Enable the OTLP receiver in your Datadog Agent config:
# datadog.yaml
otlp_config:
receiver:
protocols:
grpc:
endpoint: 0.0.0.0:4317
http:
endpoint: 0.0.0.0:4318
Then point Enzyme at the agent:
telemetry:
enabled: true
endpoint: 'localhost:4317'
If the agent runs on a different host (e.g., a sidecar in Kubernetes), replace localhost with the agent's address.
Honeycomb
Honeycomb accepts OTLP directly — no collector or agent needed. Authentication uses the x-honeycomb-team header with your API key.
telemetry:
enabled: true
endpoint: 'api.honeycomb.io:443'
protocol: 'grpc'
insecure: false
headers:
x-honeycomb-team: 'YOUR_API_KEY'
For EU region, use api.eu1.honeycomb.io:443 instead.
HyperDX
HyperDX accepts OTLP directly.
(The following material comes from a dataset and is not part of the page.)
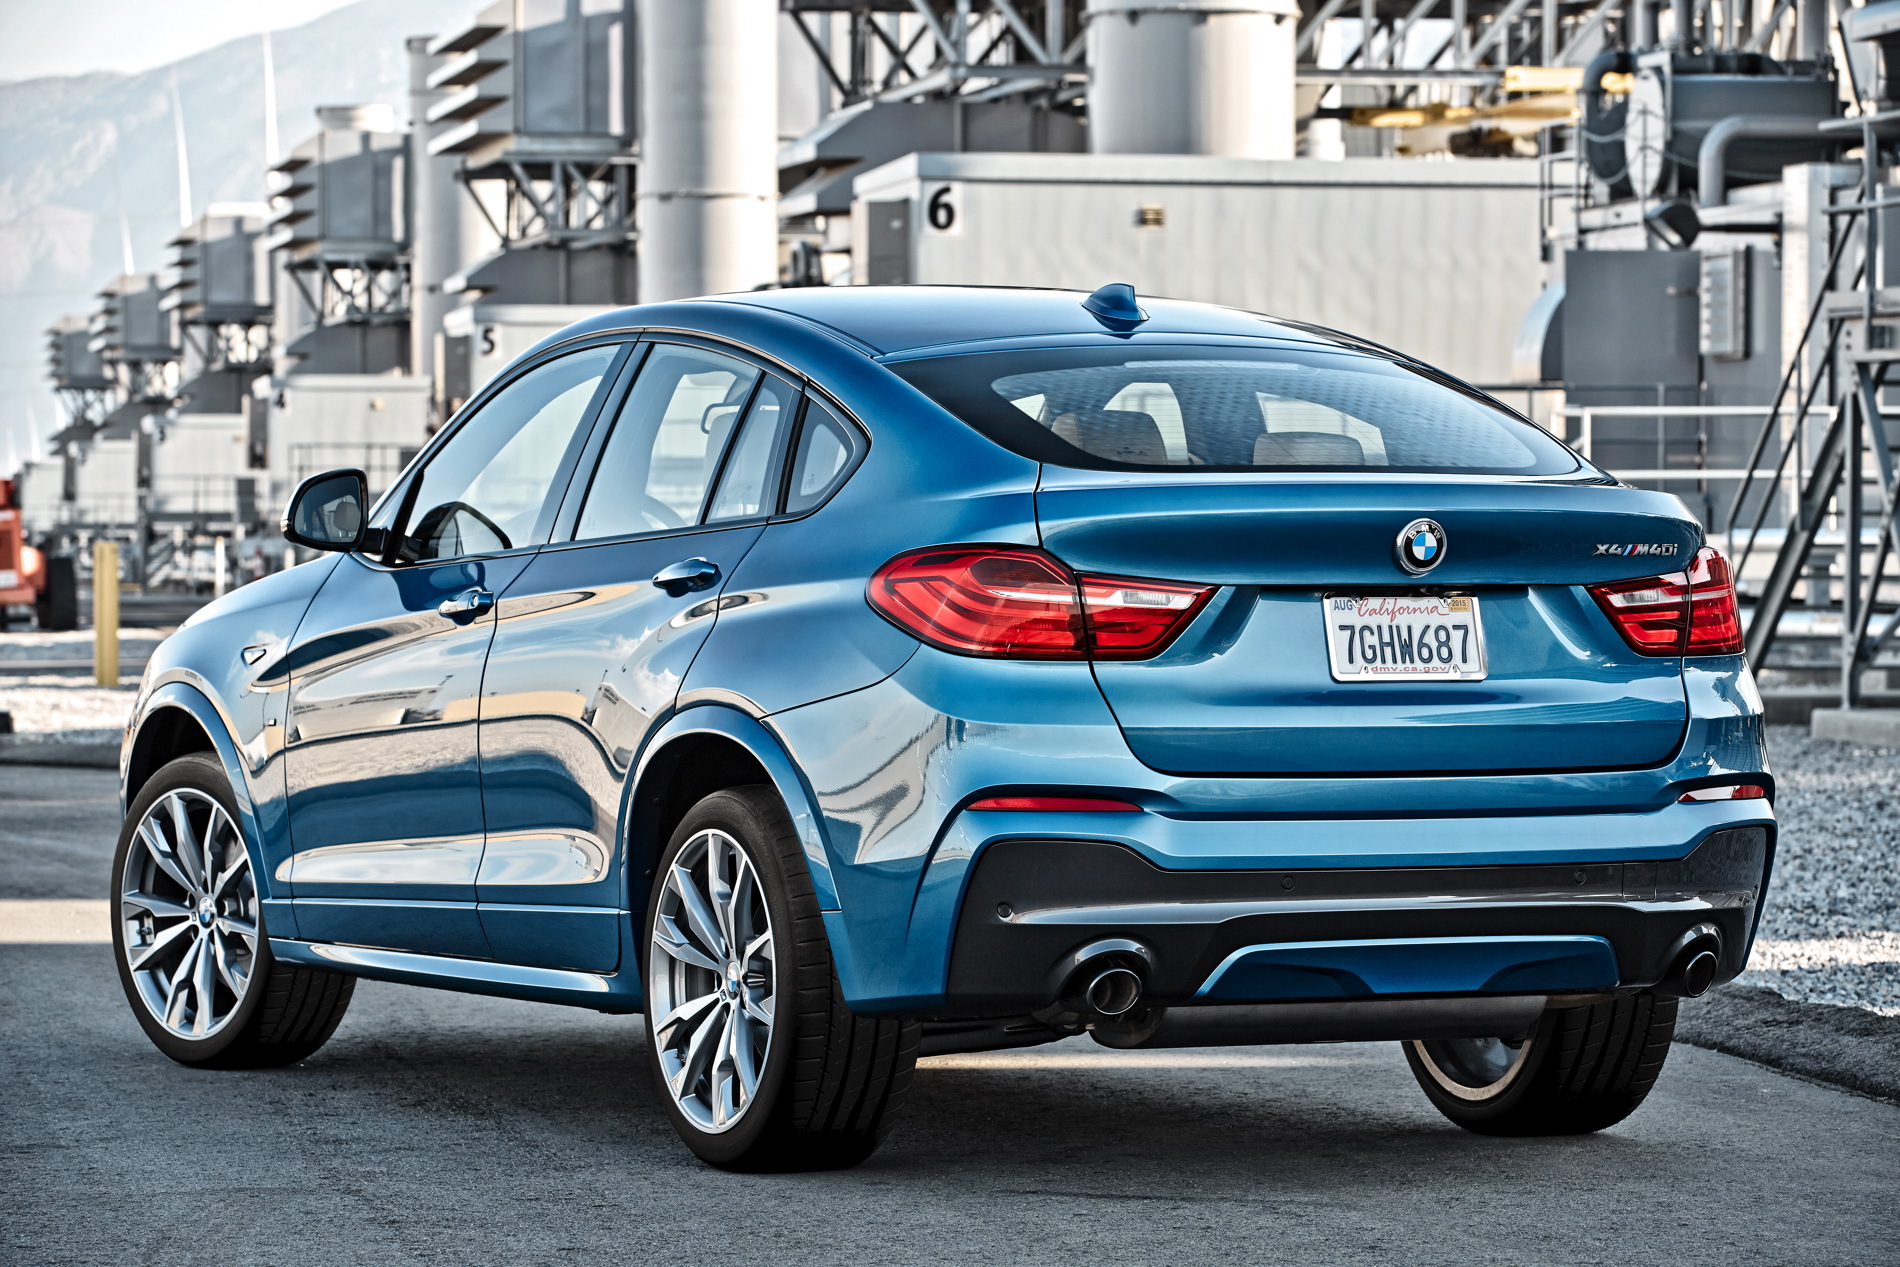 2016 BMW X4 M40i hits dealerships in February 2016 starting at $57,800

Authentication uses the authorization header with your ingestion API key (found under Team Settings in HyperDX).
telemetry:
enabled: true
endpoint: 'in-otel.hyperdx.io:4317'
protocol: 'grpc'
insecure: false
headers:
authorization: 'YOUR_HYPERDX_API_KEY'
Other Backends
Any OTLP-compatible backend (Axiom, Grafana Cloud, New Relic, etc.) works the same way: set telemetry.endpoint to their OTLP receiver, telemetry.protocol to grpc or http, and pass any required auth headers via telemetry.headers.
Adding System Metrics with a Collector
The examples above (except Datadog) send OTLP directly from Enzyme to the backend. This covers Enzyme's own traces and metrics, but not system-level metrics like CPU, memory, and disk usage.
To get system metrics, run an OpenTelemetry Collector alongside Enzyme with the Host Metrics receiver enabled. Point Enzyme at the collector instead of the backend, and have the collector forward everything upstream.
# otel-collector-config.yaml
receivers:
otlp:
protocols:
grpc:
endpoint: 0.0.0.0:4317
hostmetrics:
collection_interval: 30s
scrapers:
cpu:
memory:
disk:
network:
exporters:
otlphttp:
endpoint: https://api.honeycomb.io
headers:
x-honeycomb-team: 'YOUR_API_KEY'
service:
pipelines:
traces:
receivers: [otlp]
exporters: [otlphttp]
metrics:
receivers: [otlp, hostmetrics]
exporters: [otlphttp]
Then point Enzyme at the collector:
telemetry:
enabled: true
endpoint: 'localhost:4317'
The Datadog Agent already works this way — it acts as a collector that gathers both OTLP data and system metrics.